Effect of Cervical Block on Recurrent Laryngeal Nerve Monitoring During Thyroid Surgery (NCT04585126) | Clinical Trial Compass
UnknownNot Applicable
Effect of Cervical Block on Recurrent Laryngeal Nerve Monitoring During Thyroid Surgery
France120 participantsStarted 2019-11-28
Plain-language summary
Non-inferiority study aimed to assess the impact of cervical block on recurrent laryngeal nerve monitoring during thyroid surgery Secondary outcomes will assess post-operative recovery, post-operative pain and post-operative dysphonia
Who can participate
Age range
18 Years
Sex
ALL
See this in plain English?
AI-rewrites the medical criteria so a patient or caregiver can understand them. Always confirm with the trial site.
Inclusion Criteria:
* Patients over 18, able to give consent after clear and fair information
* Affiliated to social security
* Total thyroidectomy performed in the context of Graves' disease in biological euthyroidism with the need for surgical treatment (pregnancy project, fluctuating TSH, etc.), or multiheteronodular goiter with suspect or compressive nodules, or lobo-isthmectomy
* No previous homolateral cervical surgery
* Professional activity
* Telephone line (at home or cellular)
Exclusion Criteria:
* Patients over 18 under legal protection
* Allergy to local anesthetics
* Existence of preoperative laryngeal dysphonia or paralysis
* Patient with a submerging goiter (lower edge of the thyroid not seen on the preoperative cervical ultrasound)

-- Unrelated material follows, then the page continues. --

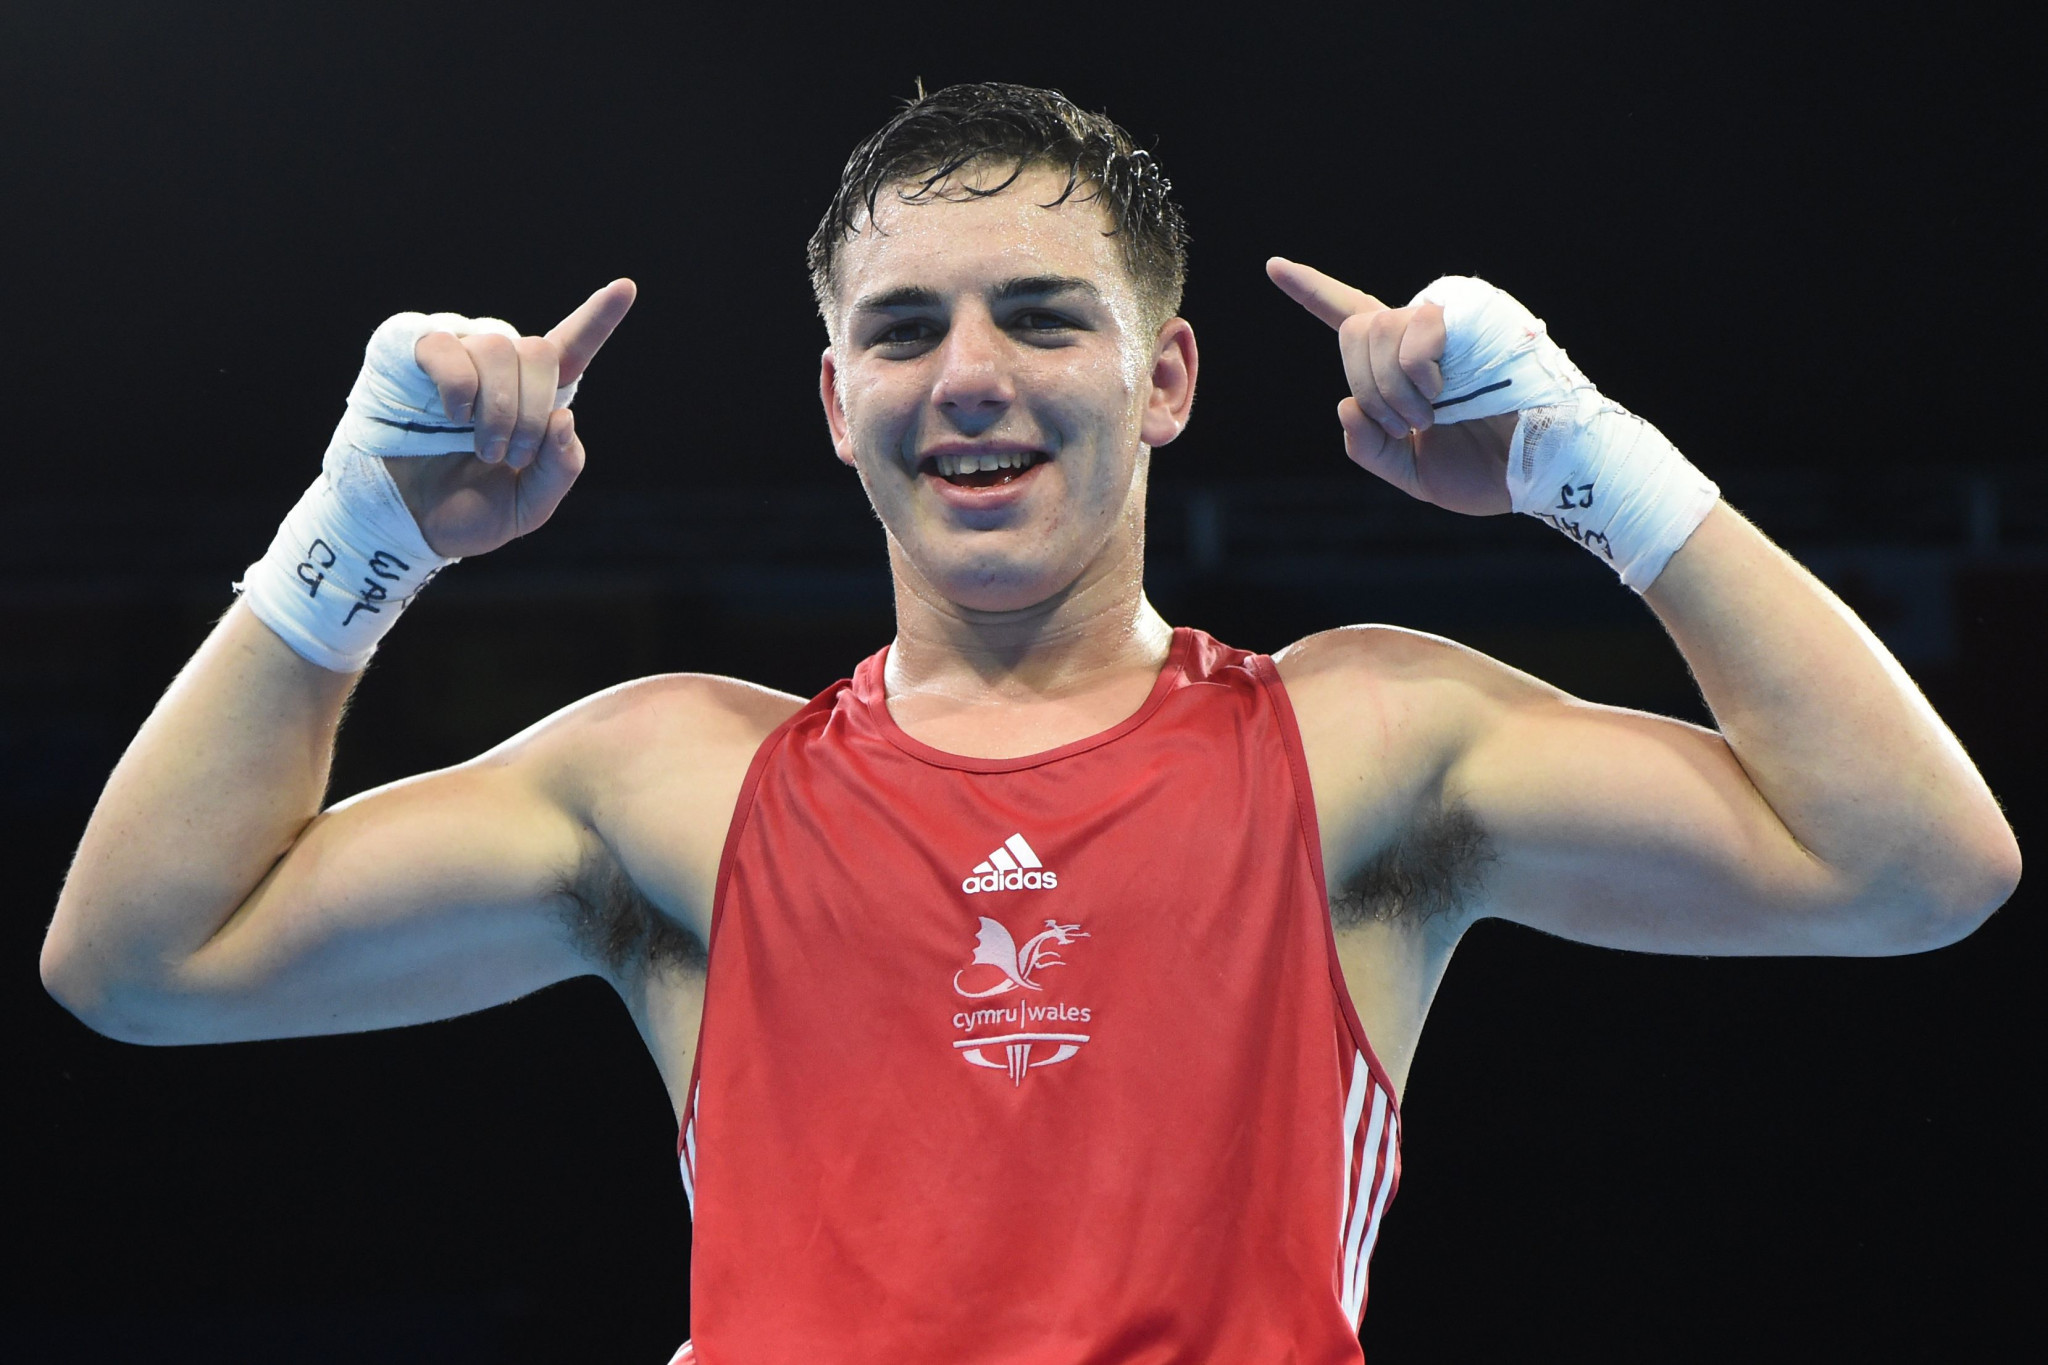 Commonwealth Games champion Lee secures opening round win at AIBA World Championships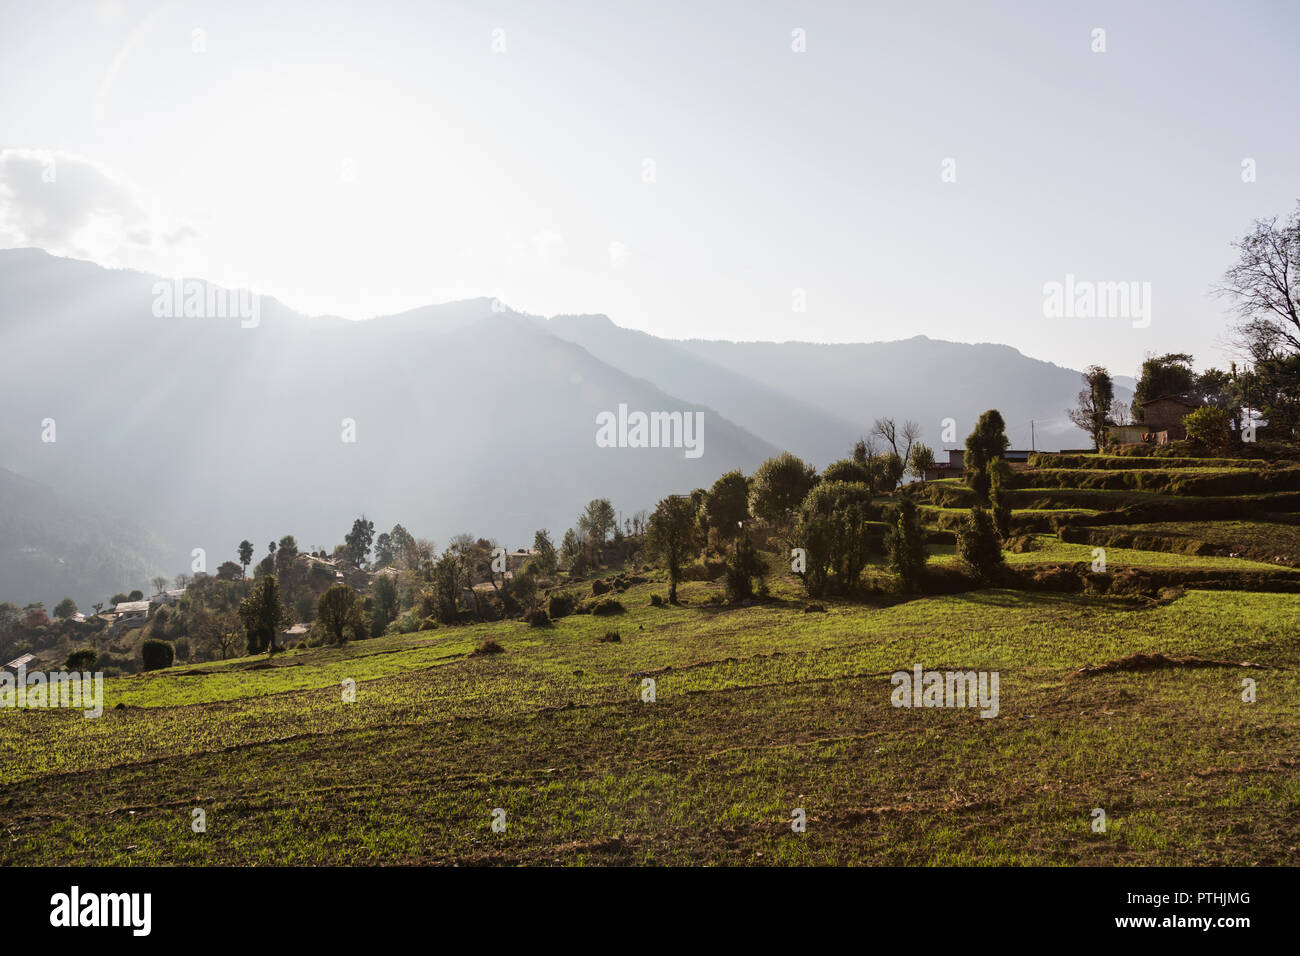 Sunny, tranquil scenic view, Supi Bageshwar, Uttarakhand, Indian Himalayan Foothills Stock Photo

* Presence of uncontrolled infectious pathology
* Pregnant or breastfeeding woman or no contraception
* Lymph node dissection planned or patient at high risk of lymph node dissection (BETHESDA 5 and 6)
Questions worth asking your doctor
Bring these to your next appointment. They're a starting point for a shared conversation — not a sign you qualify or a recommendation to enrol.
1Based on my diagnosis and history, is this trial worth exploring for me — or is there a standard treatment we should try first?
2What does this trial's phase tell us about how much is already known about its safety and benefit?
3What would taking part actually involve for me — visits, tests, time, and travel?
4What are the known and possible risks or side effects I should weigh, and how would they be monitored?
5If this trial isn't the right fit, what other options or trials would you suggest I look into?
Generated to help you prepare — always confirm anything about your own eligibility and care with the study team and your doctor.
Questions for the trial coordinator
The trial coordinator is the person who runs the study day to day. These cover the practical side — logistics, costs, and what taking part would actually mean for your life. The study team confirms whether you meet the criteria; these are questions to ask, not a sign you qualify.
1What does taking part actually involve week to week — how many visits, where, and how long does each one take?
2What costs are covered by the study, and what might I have to pay for myself, including travel, parking, or time off work?
3What happens during screening, and what happens if the study team confirms I don't meet the criteria after those tests?
4Who pays for the scans, blood work, and other tests the trial requires — the study, my insurance, or me?
5How will being in the trial affect my regular care, and will my own doctor stay informed and involved?
6Can I leave the trial at any point if I change my mind, and what would happen to my care if I do?
A starting point for the conversation — always confirm anything about your own eligibility, costs, and care with the study team and your doctor.